The first time I fell in love, it was just as confusing. I knew I was in love, but with a woman. It was a severe test for me. I had never been in a same-sex relationship and didn't see myself as gay. Yet the fact remained — I was in love.
Adding to the confusion, and the fear of the whole experience (love can be scary enough on its own!), was the fact that I had just graduated from West Point and was serving as a Second Lieutenant (2LT) at Schofield Barracks.
I had gone to West Point, to a large degree, because of the code of honor. Integrity has always been, of all the values, the one I hold most dear. My mother had graduated from UCLA and I remember clearly the day she told me how disappointed she was when she saw some of her students buying and selling papers they had written.
At that moment I thought: Nope, that is not going to happen to me.
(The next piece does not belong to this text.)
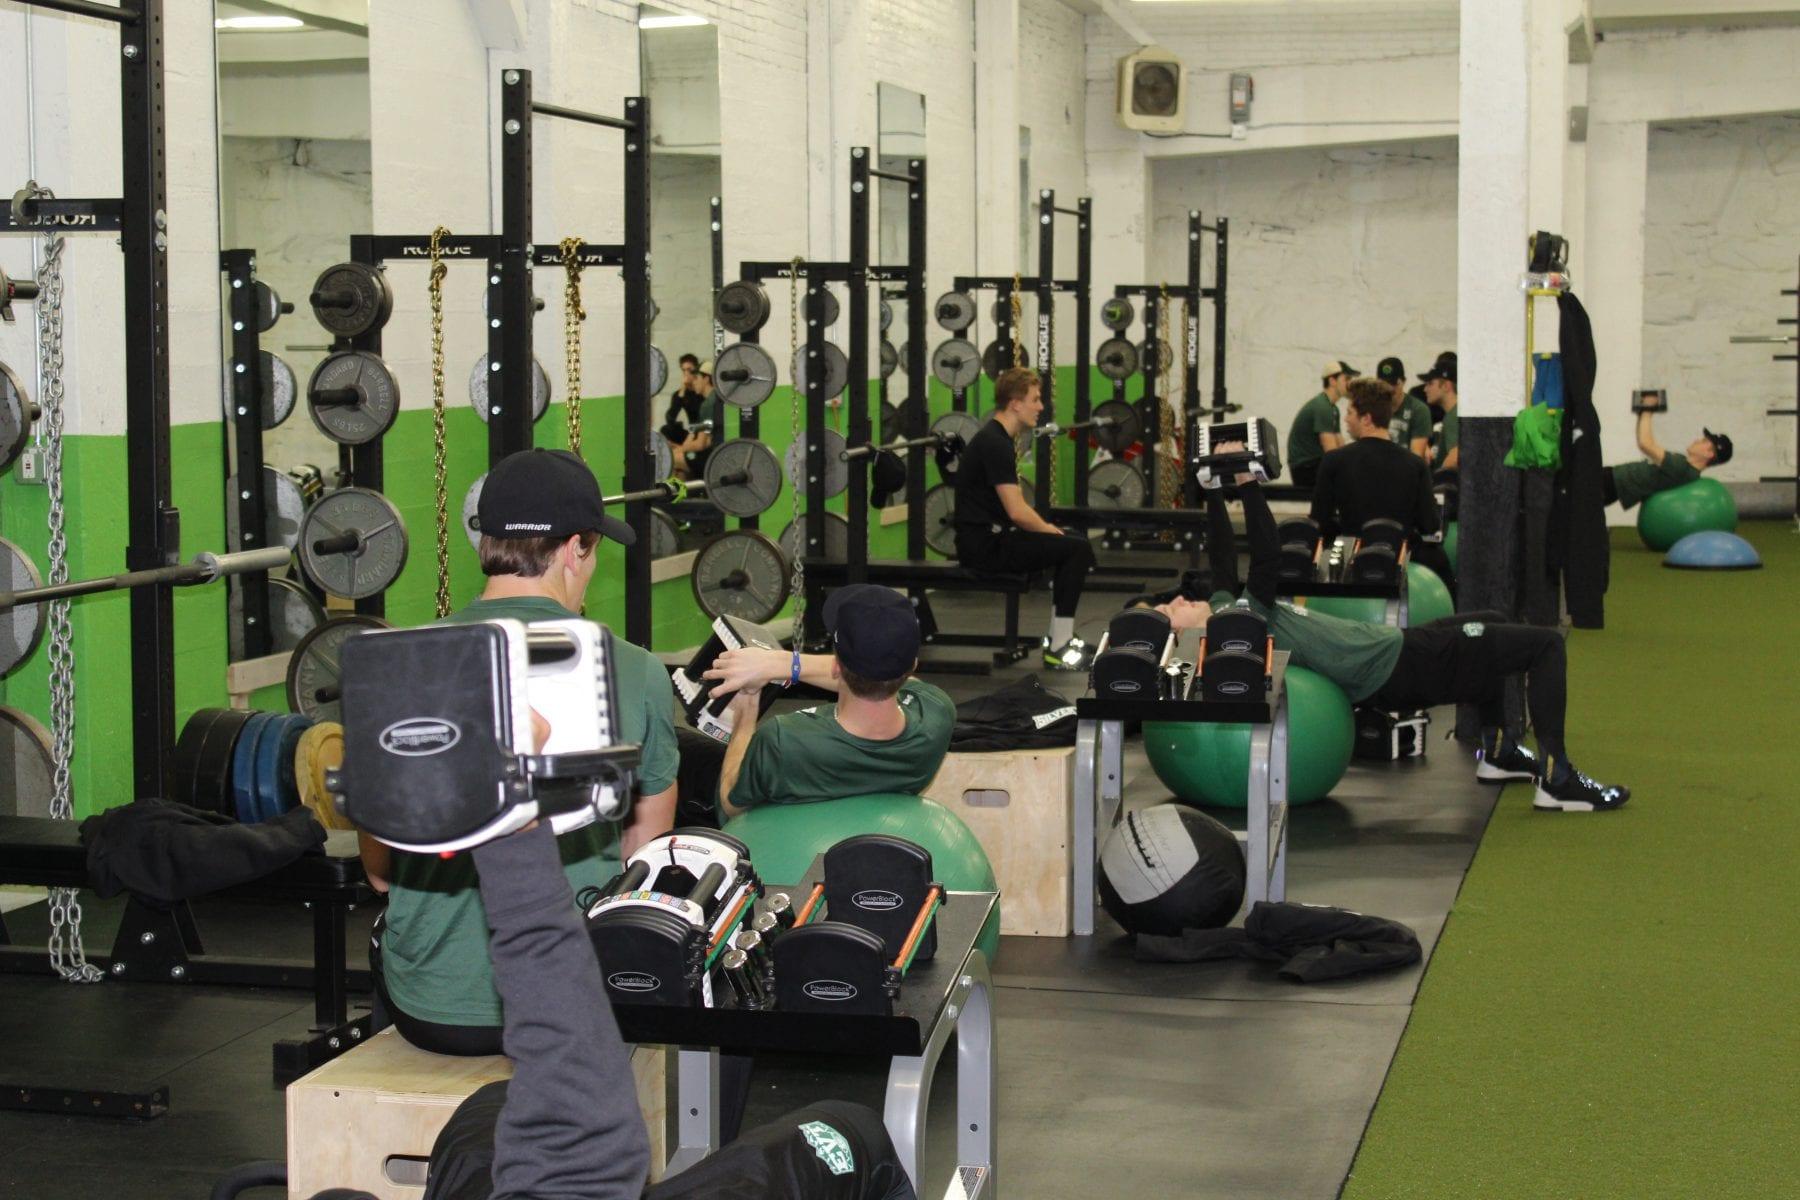 Sports Training Facility in Everett, WA | Engineered Sports

I am going to a school that matches my desire and need for honesty and integrity.
So there I was – in love with a woman – and a brand new 2LT on a small island in the middle of the Pacific Ocean.
The easiest thing for me to do -- and the course of action I tried -- was to encourage myself to run from love. I also considered confiding in others, but given the horror stories of investigations and removals from duty, I decided against it. The thought of the shame of being interrogated and kicked out of the Service for something I wasn't even sure I was (a lesbian!), was too much to bear.
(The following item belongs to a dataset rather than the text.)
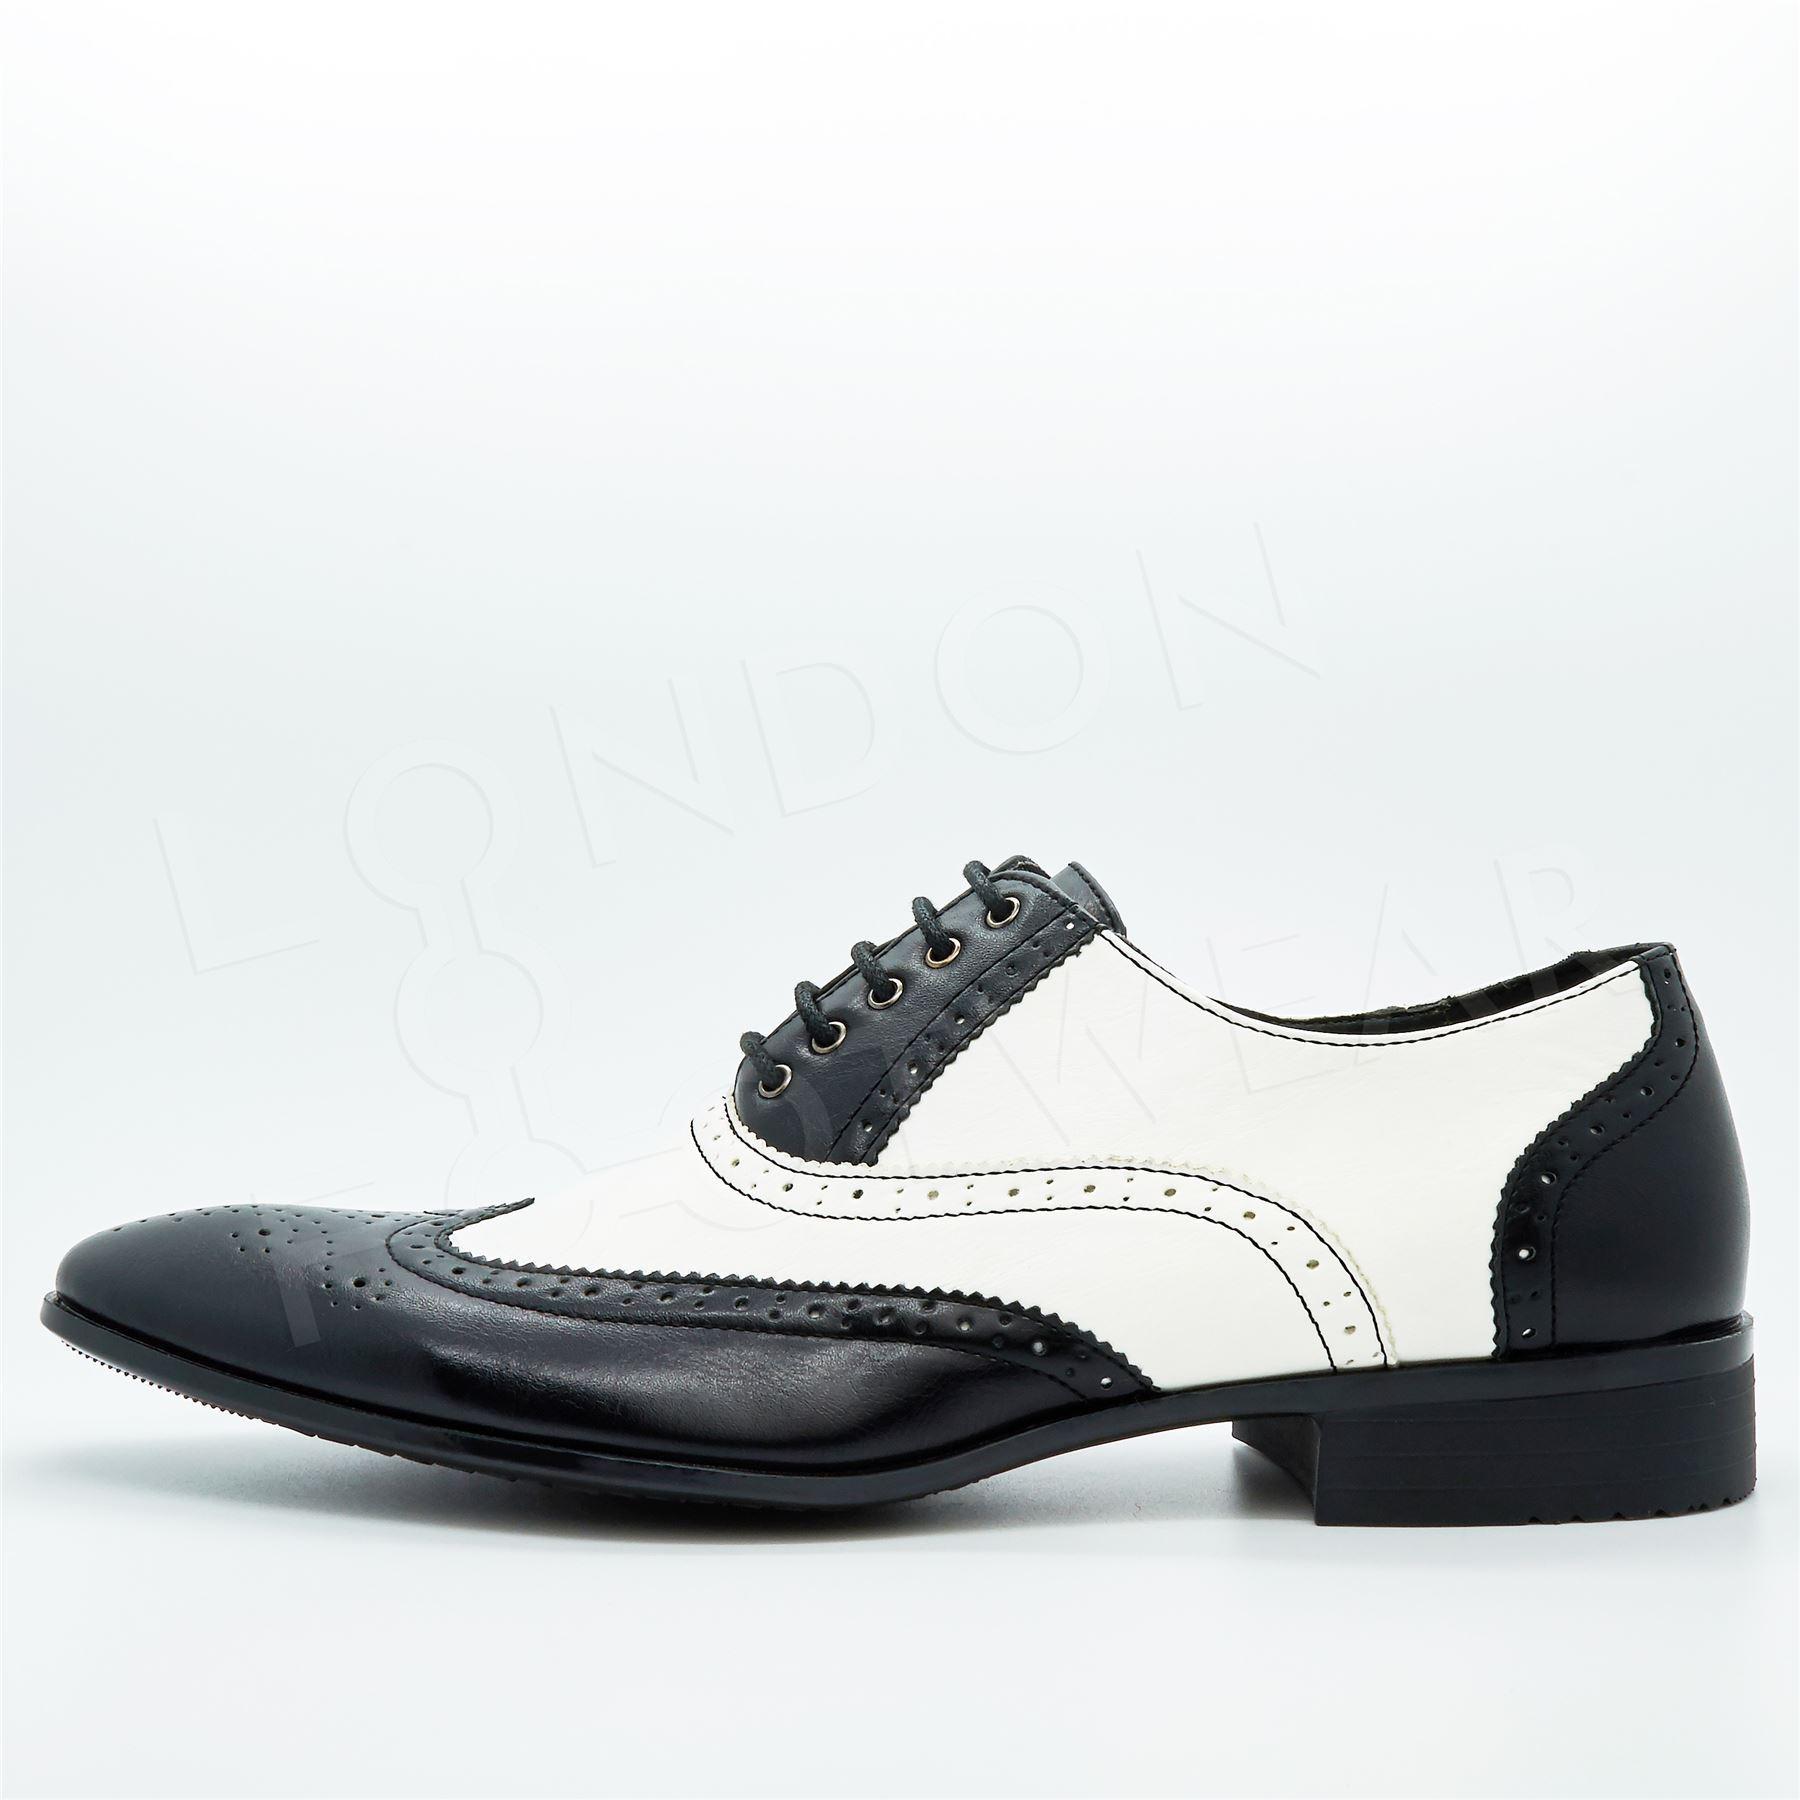 Mens Spats Shoes Uk

In the short three years that I was on active duty, I was Airborne and Air Assault (first female Distinguished Honor Graduate). During the First Gulf War, I volunteered to go to Iraq. Due to the needs of the Army, however, I remained in the Pacific – working in the 25th Infantry Division.
The values of physical work, integrity, service and team building made the Army an almost ideal place for me. I may have continued serving if I had felt more a part of the team.
I was well-liked and had friends, but not being able to share the biggest struggle in my life (and the biggest joy) with my peers and military friends prevented me from really forming the kind of friendships that one needs to feel as an integral part of a team.
It’s the warmth and support of a team that is truly needed for real "unit cohesion" among the officer corps and with the troops. It is necessary to continue to risk life and limb for each other.
In the end we risked everything not only for our country, but for our country personified in and by our buddies, members of that integral team. Not feeling that, I resigned my commission in September of 1991.
If I can be so bold, Mr. President: we need to help soldiers, and all people really, develop healthy understandings of what it is to be human, divorced from antiquated stereotypes about gender and gender roles.
"Macho" has no place in the modern professional Army; put downs and negative comparisons to the feminine are also hurtful to the Esprit de Corps of the Forces.
I know that you have based your Administration on creating a culture of respect for difference, of developing your version of "unit cohesion" based on the values of inclusion and diversity, not in spite of them.
This is the direction that the military needs to go, and it can start by repealing DADT now.